As noted, Claimants need not establish their claim prima facie, but rather show the appearance of merit. Jackson v State of New York, supra. Claimants have attached a police accident report giving the details and placing the vehicles at the points of impact and rest [Affirmation by David Engelsher, Exhibit A], and medical records substantiating injuries. [See ibid. Exhibits B, C, D, E, F]. Claimant George Garcia apparently has a scar, walks with a limp, and is still in pain as of the date of his affidavit. [See ibid. Exhibit J]. If the allegations in the claim are accepted as true for the purposes of the motion, Claimants have made the requisite showing of merit in order to permit late service and filing of their claim.

Accordingly, Claimants’ motion for permission to serve and file a late claim is hereby granted.
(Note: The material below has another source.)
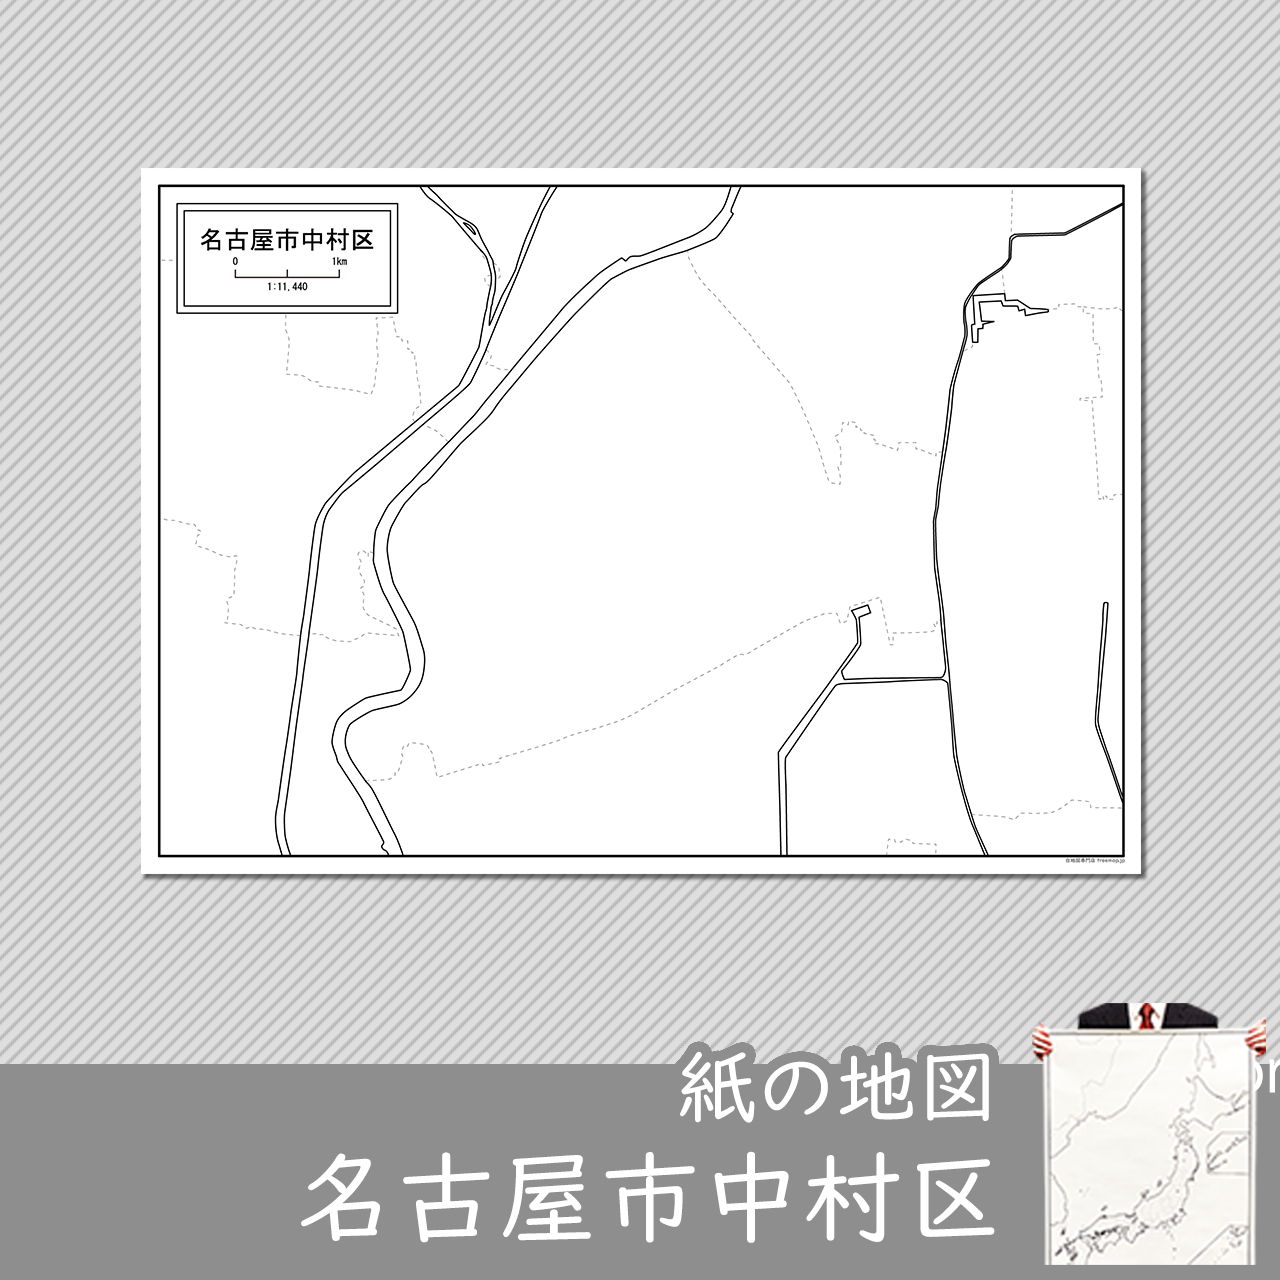 名古屋市中村区の紙の白地図のサムネイル

Claimants are directed to serve a properly verified claim upon the Attorney General, and to file it with the Chief Clerk of the Court of Claims within thirty (30) days from the date of filing of this decision and order in the Clerk’s Office, with such service and filing to be in accordance with the Court of Claims Act, with particular reference to §§ 10, 11 and 11-a, and the Uniform Rules for the Court of Claims.

June 30, 2006
White Plains, New York

Judge of the Court of Claims

[1]. The Defendant has not opposed the motion on the ground of availability of another remedy, therefore this factor is presumed to weigh in claimant’s favor. Cole v State of New York, 64 AD2d 1023, 1024 (4th Dept 1978)[“Although the State argues in this appeal that claimant's inference of notice to it is based on equivocal facts, it filed no affidavit with the court claiming either prejudice or lack of notice. When answering affidavits are not produced, the facts alleged in the moving affidavits will be taken by the court as true . . . (citations omitted).”]
[2].Since August 2, 1995, the Notice of Intention to file a Claim has only been required to be served upon the Attorney General. If attempted to file with the Court of Claims it is returned to the sender.